The next thing I remember is after the surgery. I had to have bandages over my eyes for a while, a number of days I think, so when I woke up from surgery, I was “blind”. This normally would have also been traumatic for a small child, but I will tell you what I remember most, and it wasn’t fear, or discomfort, or anxiety.
I remember my father’s strong arms picking me up, and carrying me, his calming voice reassuring me, his silly antics making me laugh. I had to have help eating, dressing, bathing and all of those things of course, and I know that my mother was caring for me as much if not more, but for some reason I don’t remember her much during this time. I mainly remember my father, and I think it is because his presence gave me such a profound feeling of safety and protection and love that the impression of it is imbedded in my memory. It didn’t matter that I couldn’t see, or know what was going to happen to me next. I knew without a doubt that my father was going to take care of me, and in his arms I was safe and secure.
“…even when your hair is gray I will bear you; It is I who have done this, I who will continue, and I who will carry you to safety.” Isaiah 46:4
One thing that stands out in my memory is that because I couldn’t see, perhaps, I had a different awareness of my father. It wasn’t just the way he held me, and spoke to me, or the way he smelled, but it was a different knowing of him that is hard to explain. It was more like a level of trust and closeness that I hadn’t known before had occurred.

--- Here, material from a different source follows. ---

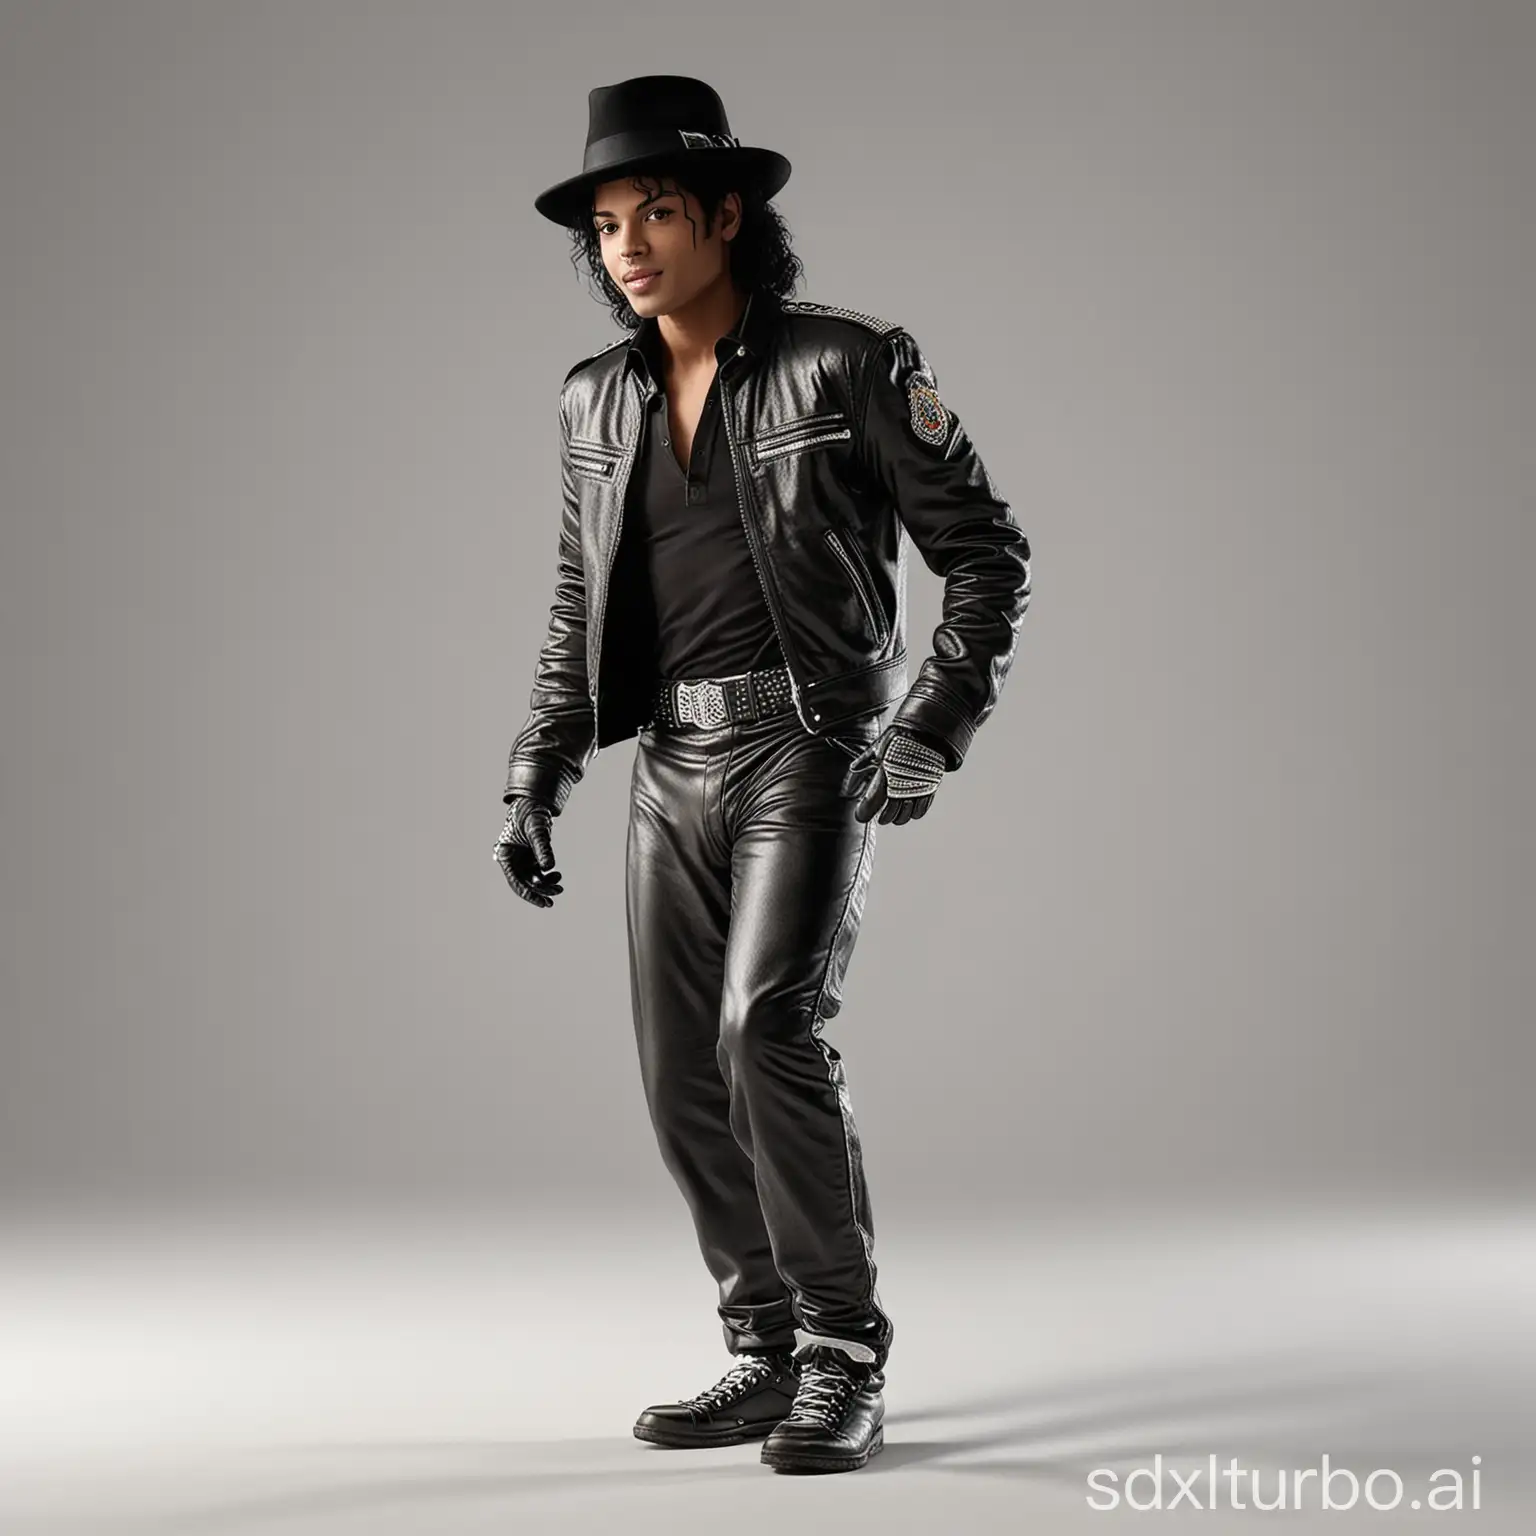 On a plain bacground is a Michael Jackson is doing a moonwalk. This is a full body photo realistic high resolution image with sharp clean subject focus

There were a few important lessons revealed to me from this:
First, that God really does not leave us alone, ever, especially during times of trial. It may seem that we are, but He is there, going through whatever we are going through with us, and sometimes that veil which separates this world from the spiritual world is lifted a bit and we can experience His Presence. Second, I learned something of the way God is with us, always like a loving Father who “sees” what we don’t, and takes care of all our needs, even carrying us in His arms, and it’s when we trust Him in faith, that we experience a different knowing of Him that is hard to explain, a level of closeness that wasn’t there before.
“O God, you have taught me from my youth, and till the present I proclaim your wondrous deeds.” Psalm 71:17
You might be wondering how a very young child might have absorbed all of this, much less remembered it, and I can’t really say, but whenever I reflected on it in my adult years, this was what came to me. I later asked my mother questions about it, and she was surprised that I remembered that they had to leave me, and that there were children there with burns and such. I think God allowed me to go through that, and remember and reflect on it, so as to teach me something.

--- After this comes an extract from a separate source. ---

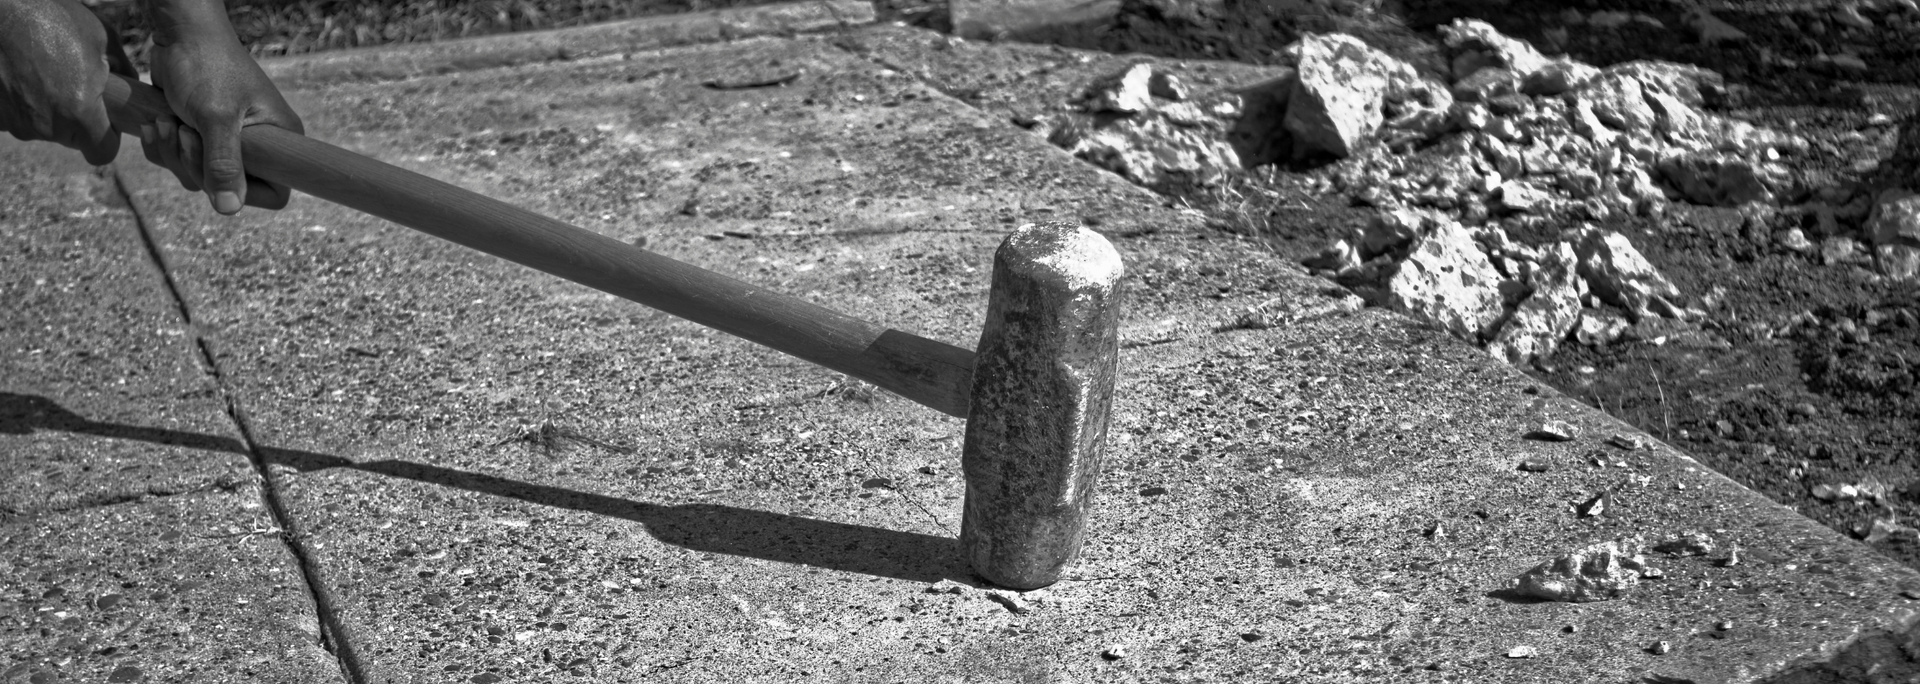 Picture of a nut being cracked by a sledgehammer

But there was one more lesson… I believe God wished that I would remember Him, my first Love, and His touch on my life at this tender age, and that I would also realize what a gift my father was to me, and how he demonstrated the love of The Father to his child, a powerful love that then brought longing to my heart for God..
“We for our part, love, because he first loved us.” 1 John 4:19
“Pray and ask for the grace of memory. ‘When, Lord, was that first encounter, that first love?’ – so that we might not hear the complaint the Lord makes in Revelation: ‘I have this against you, that you have forgotten your first love’.”